Stander, returned to the base of the scrum, producing what have arguably been his two best performances in a green jersey, doing a decent impersonation of former Springbok tearaway Heinrich Brussow when clamping on isolated Scots and Welsh runners for five clean turnovers, two of which against Scotland proving at least as valuable as any of Johnny Sexton’s 19 points.

“If someone gets selected into the pool of your backrow then you go ‘okay, there’s someone new now’ it probably subconsciously kick-started something,” said Stander, whose six passes against Wales brought a different dimension to his normally bullish approach. “Like, I know I needed to play my best, we all know we needed to do that.”

Turns out nothing motivates a veteran Munster flanker more than the arrival of a prodigious Leinster schoolboy, hyped-up ever since standing out physically at 15 against 18-year-olds. Heaslip recently branded Doris “one of the best backrows in the country” so how else were O’Mahony and Stander going to respond to such a clear and present threat to their careers?

O’Mahony has long been criticised for lacking the numbers of other top tier flankers but 10 tackles off the bench against Scotland and 12 against Wales dovetail nicely with his other (largely unseen) work like the latch that allowed Tadhg Furlong plough over for a try.

However, O’Mahony, for all that lineout and breakdown expertise, offers very little ball carrying threat in comparison to Doris.

Really, he is not supposed to be here but his aggressive, stubborn nature has been evident ever since his man of the match display in victory over England three years ago.

Mobile heavies

Speaking of man of the matches, the mobile heavies have been kings of the Six Nations: Stander has two, so does Alldritt with Underhill and Justin Tipuric keeping the champagne among rugby's super athletes.

At openside, Underhill is now the gold standard but Josh van der Flier has been performing to an international standard since showing well on debut at Twickenham four years ago.

And still, the whispers continue.
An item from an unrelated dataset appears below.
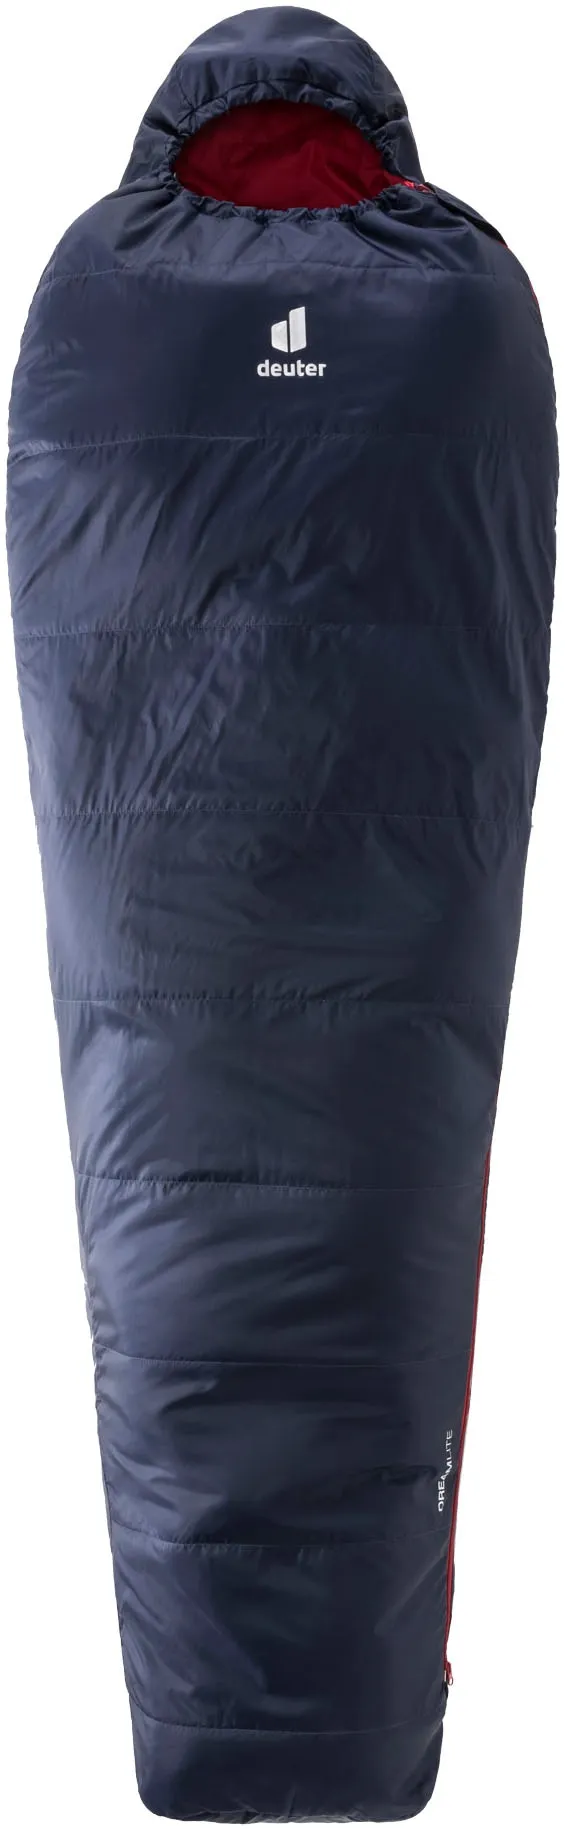 Trekkingschlafsack DEUTER "DREAMLITE" Schlafsäcke Gr. mit Reißverschluss, blau (navy) Schlafsäcke

Dan Leavy’s sublime performances en route to the 2018 Grand Slam cannot be denied. Nor can the potential phenomenon that is Scott Penny.

But, with Leavy inching back from a horrendous injury and Penny starting for Leinster in the Pro 14 this weekend, Van der Flier has repeatedly earned the seven jersey. He made the defensive play that ended the Scotland game. He scored off the maul against Wales and laid the platform for Andrew Conway’s bonus point try with a vital carry over the gainline. His unending engine has produced 27 tackles over two matches.
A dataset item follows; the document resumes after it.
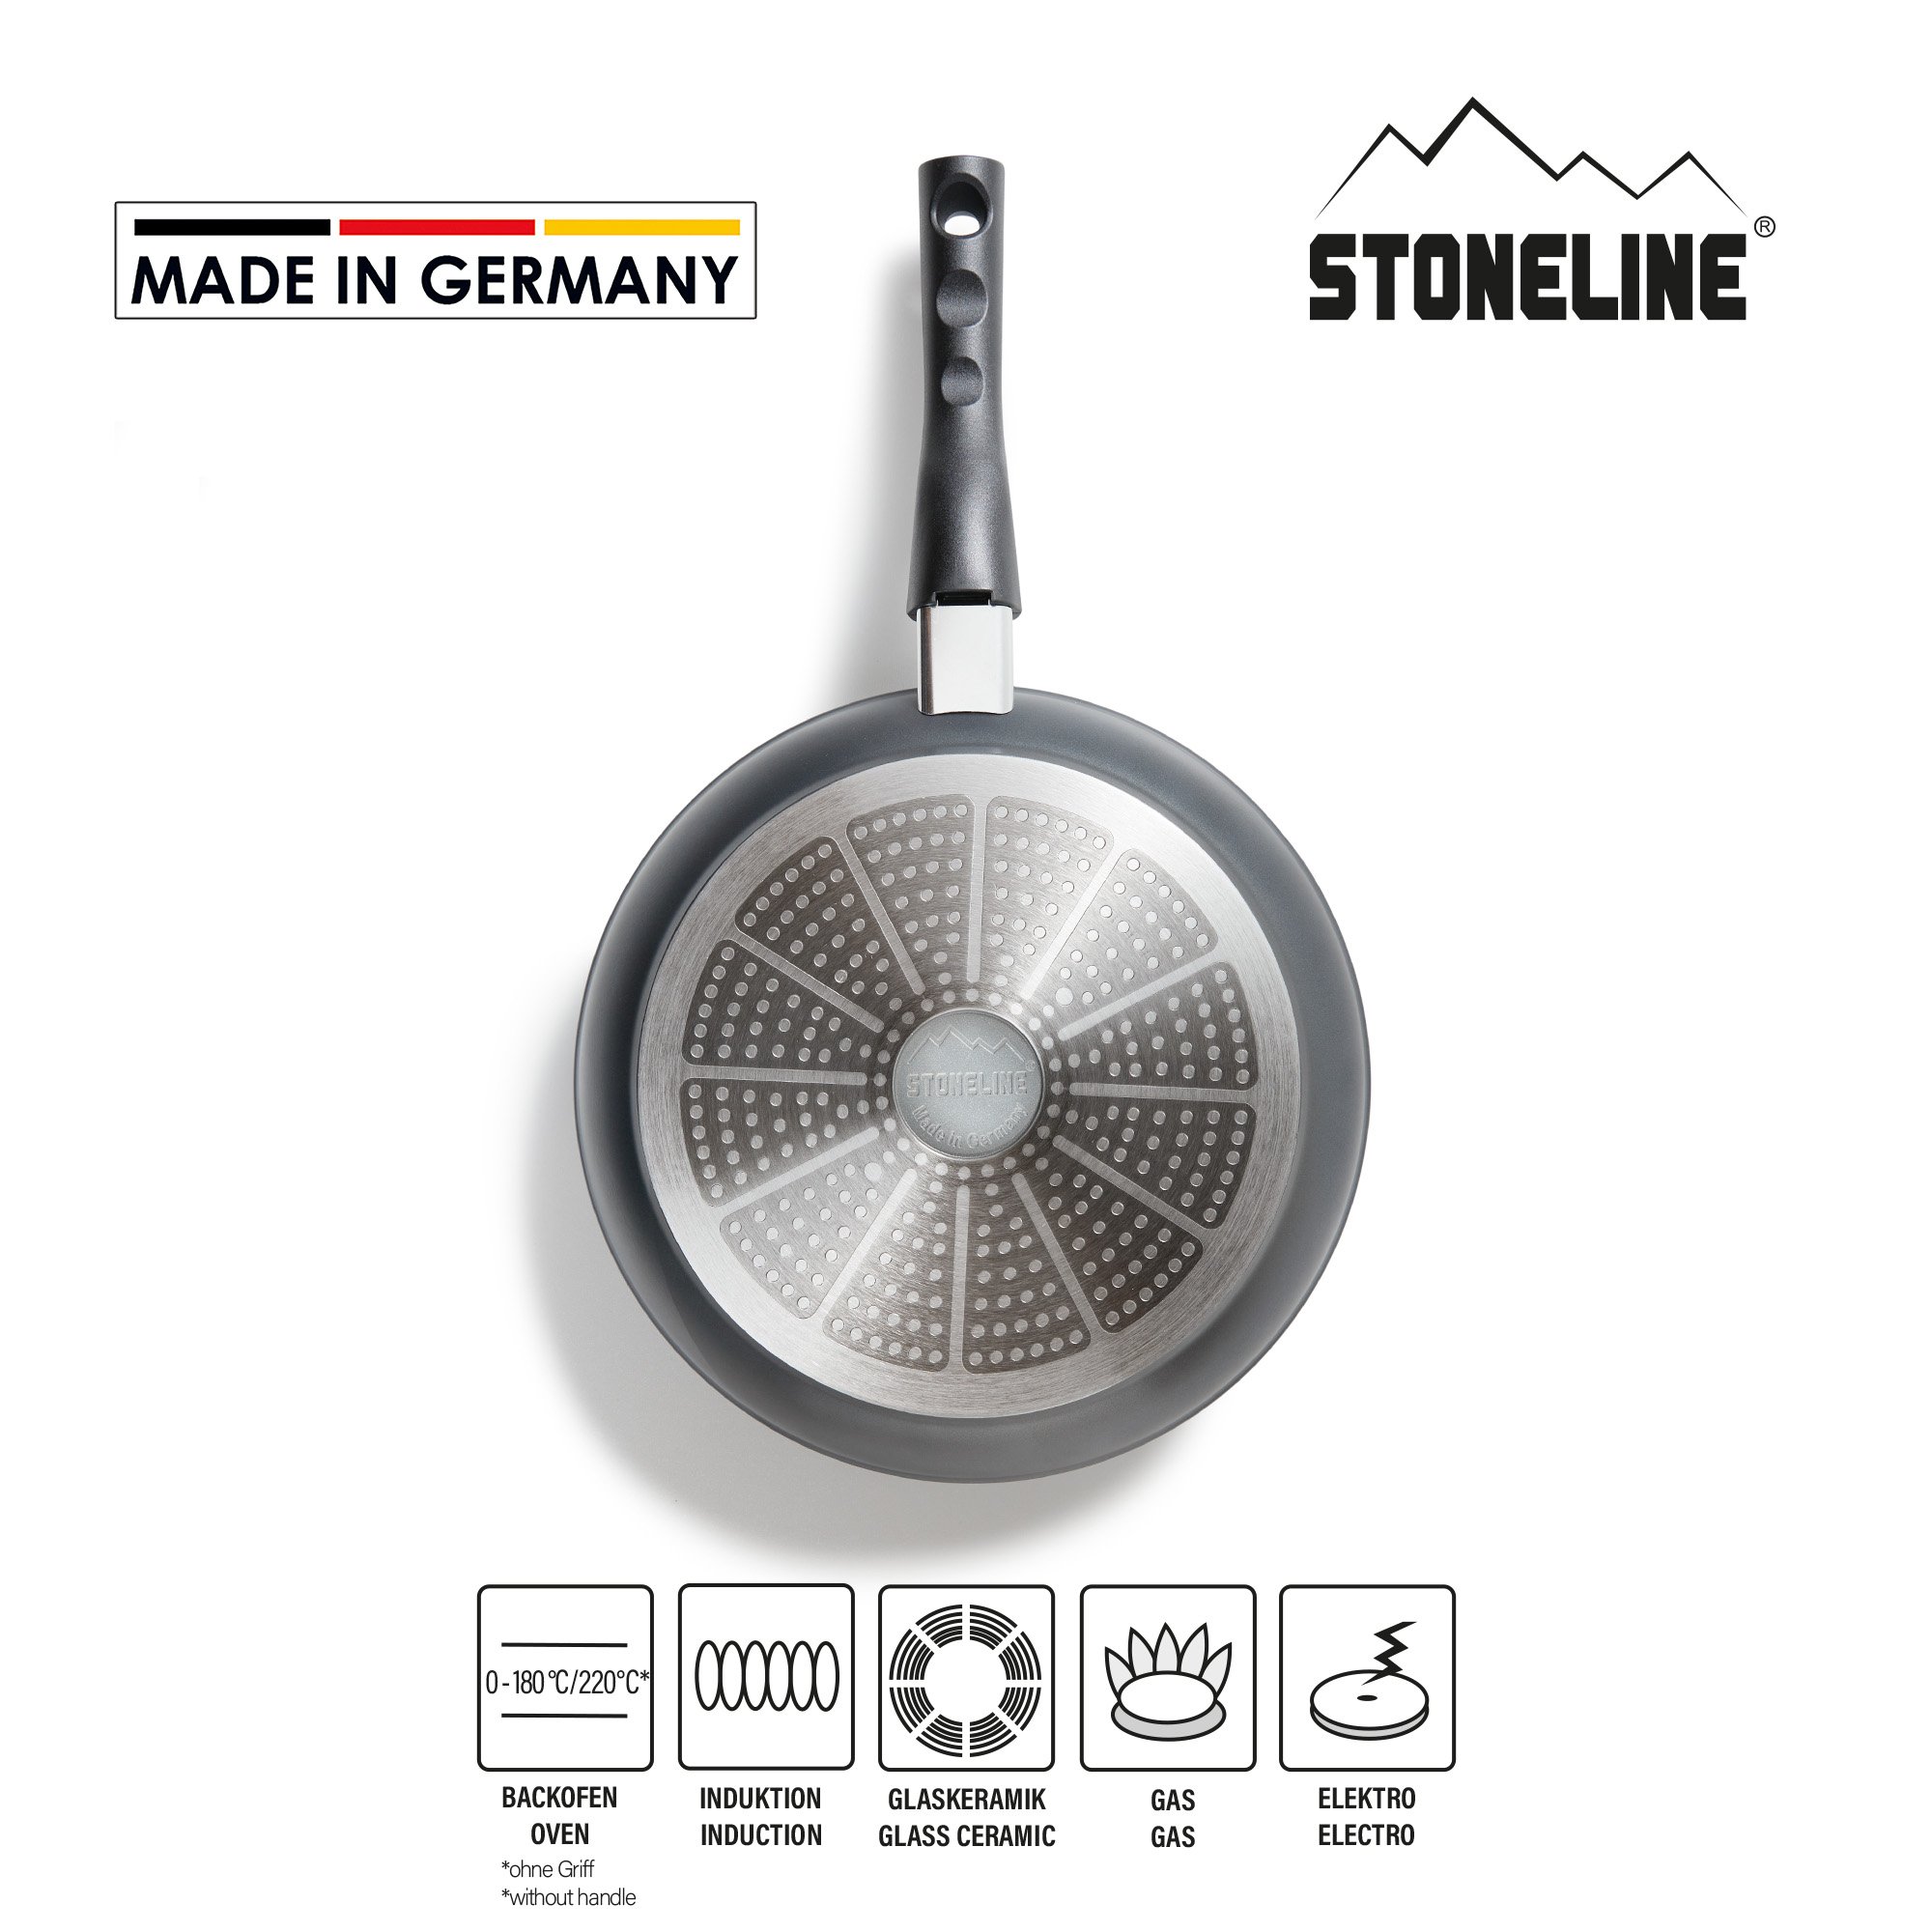 STONELINE® Sauteuse 24 cm, Poignée amovible, Antiadhésive, Made in Germany | FLEX

How he compares to Underhill may prove the decisive battle. The Bath flanker had the better of him during their European skirmish at The Rec last season and Ben Earl’s arrival for Underhill, as Munster will have noted this season, can bring a similar threat in all departments.

That’s why Doris must hit the ground running when relieving the most shattered body from O’Mahony, Stander and Van der Flier.

Ideally, the game is still on the line.